Problem description: With pictures excluded, copy word for word the lines in the data below from the line containing "Bosch teplovzdušná pištoľ" through the line containing "ฉลอง Disney+ Day".
***** Supplied data *****
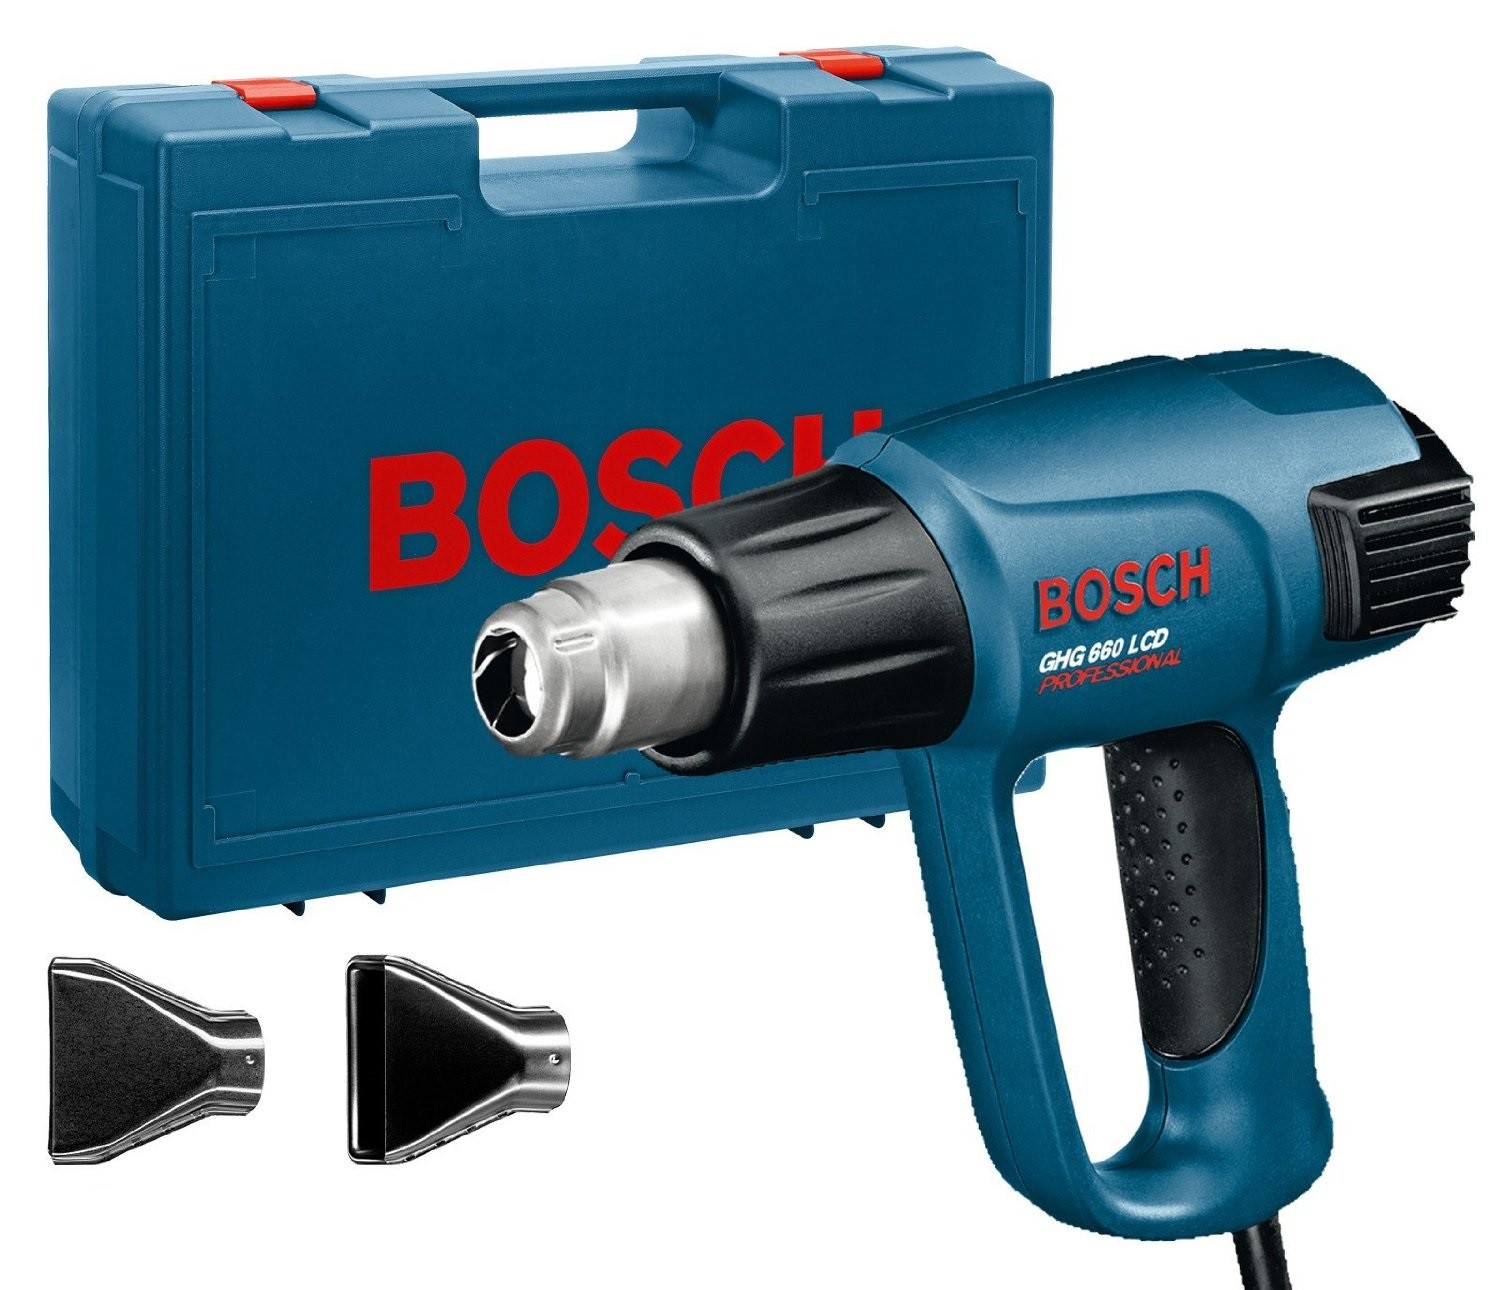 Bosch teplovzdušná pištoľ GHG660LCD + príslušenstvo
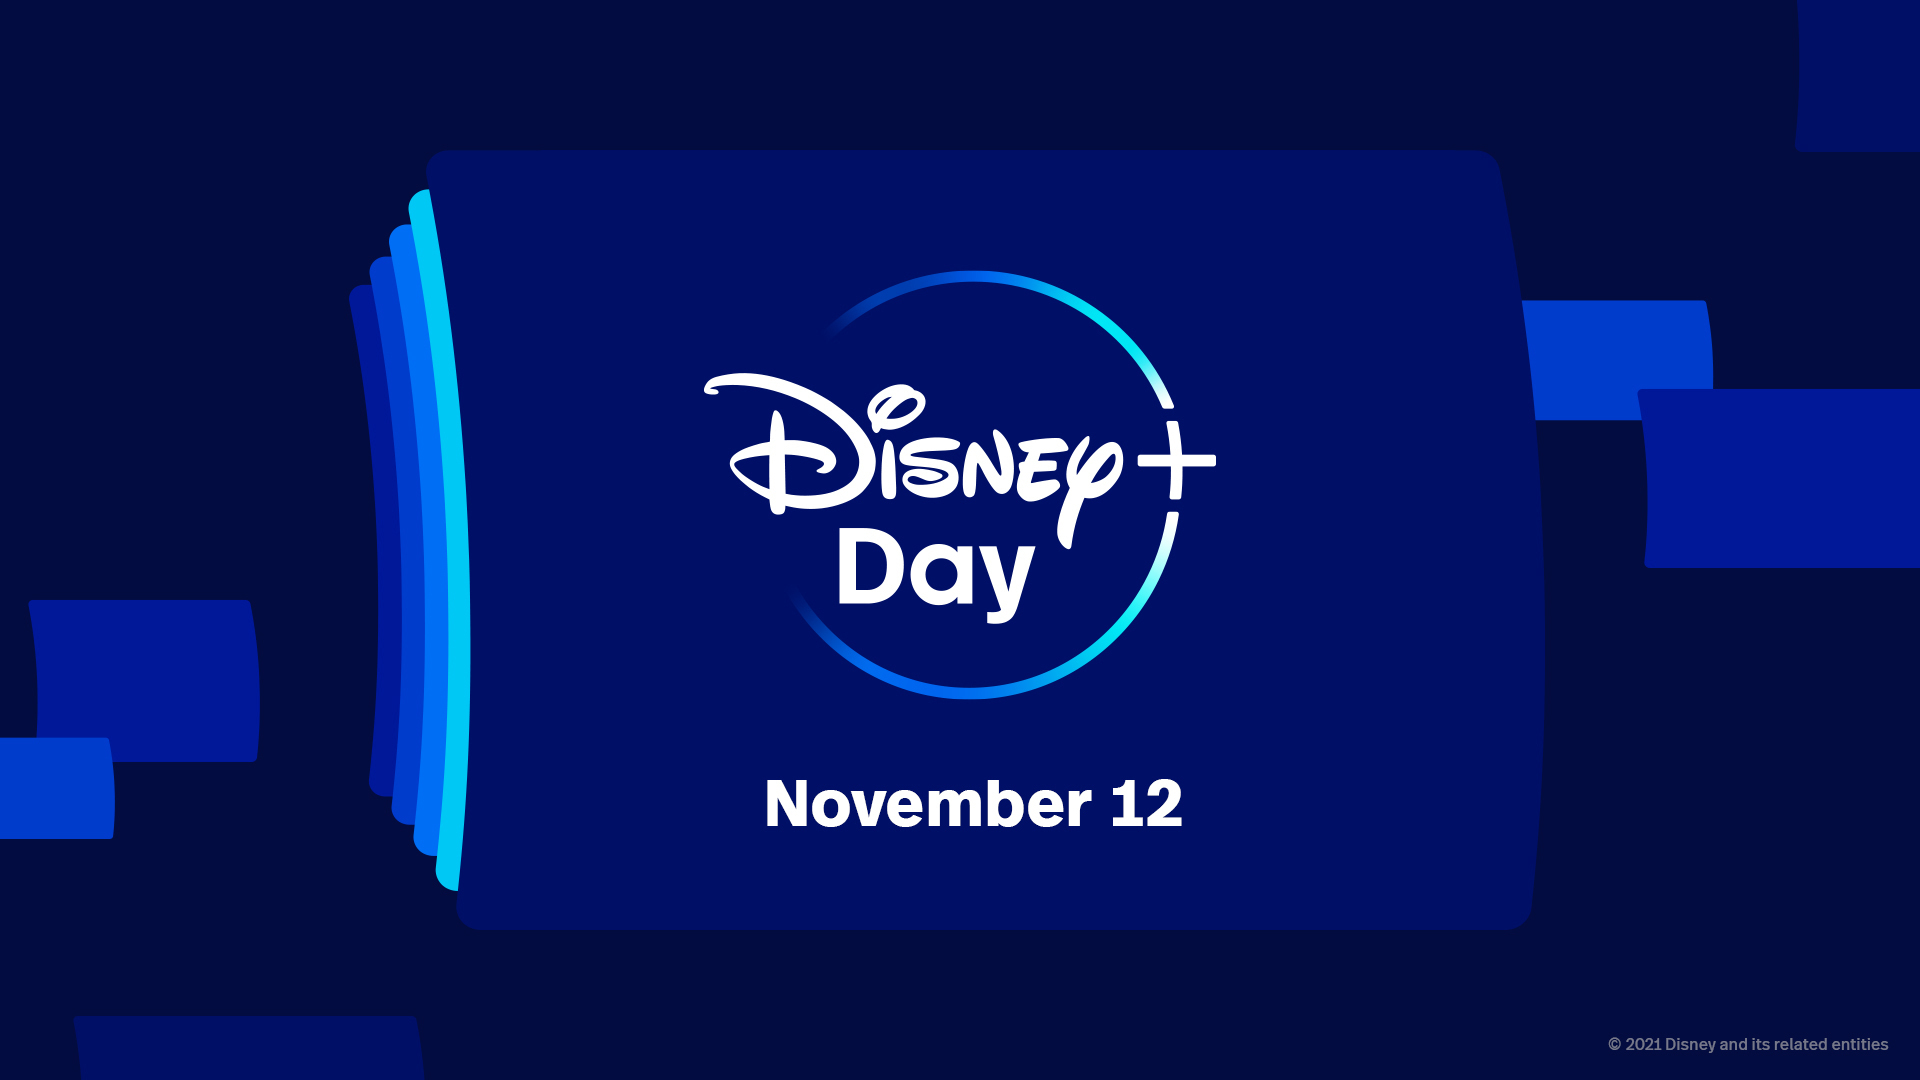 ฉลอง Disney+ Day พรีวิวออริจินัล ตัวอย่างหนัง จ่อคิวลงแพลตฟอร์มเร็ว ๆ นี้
*****
***** Supplied data *****
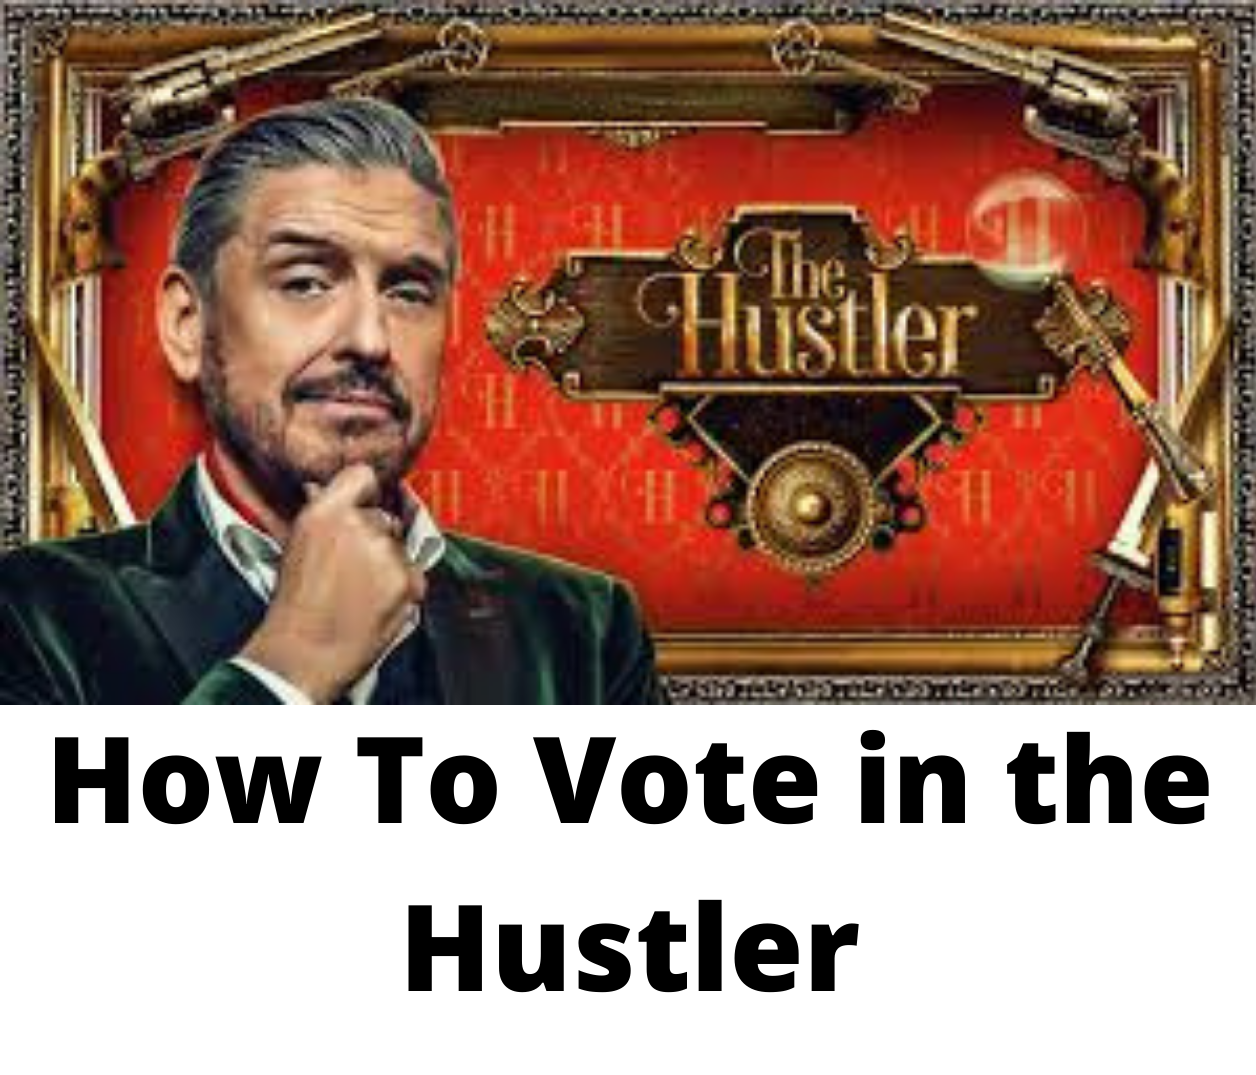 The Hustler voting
*****
Solution:
 Bosch teplovzdušná pištoľ GHG660LCD + príslušenstvo
 ฉลอง Disney+ Day พรีวิวออริจินัล ตัวอย่างหนัง จ่อคิวลงแพลตฟอร์มเร็ว ๆ นี้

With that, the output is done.